→ Aim of the exercise
A word-for-word copy of the following listing is needed. Leave out its images.

→ Source material
++++++++
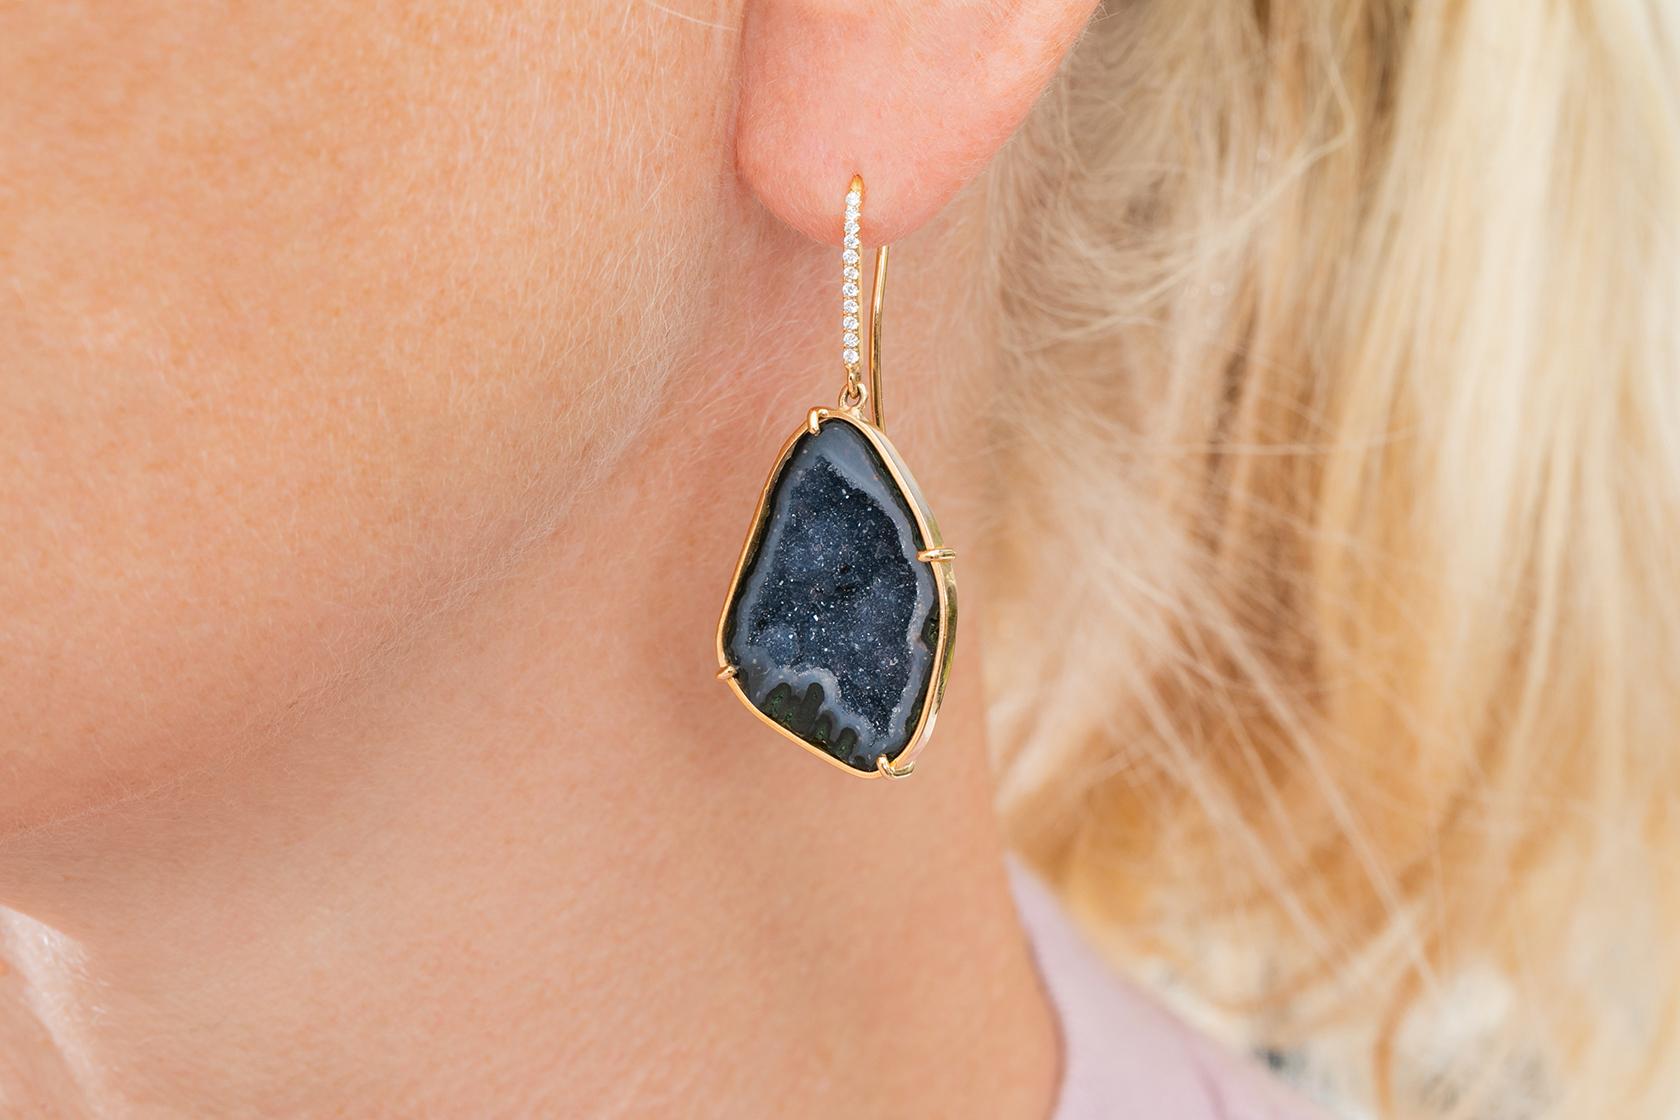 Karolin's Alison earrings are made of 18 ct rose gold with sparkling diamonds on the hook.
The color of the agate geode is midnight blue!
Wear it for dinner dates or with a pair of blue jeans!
++++++++
→ Task result
 Karolin's Alison earrings are made of 18 ct rose gold with sparkling diamonds on the hook.
The color of the agate geode is midnight blue!
Wear it for dinner dates or with a pair of blue jeans!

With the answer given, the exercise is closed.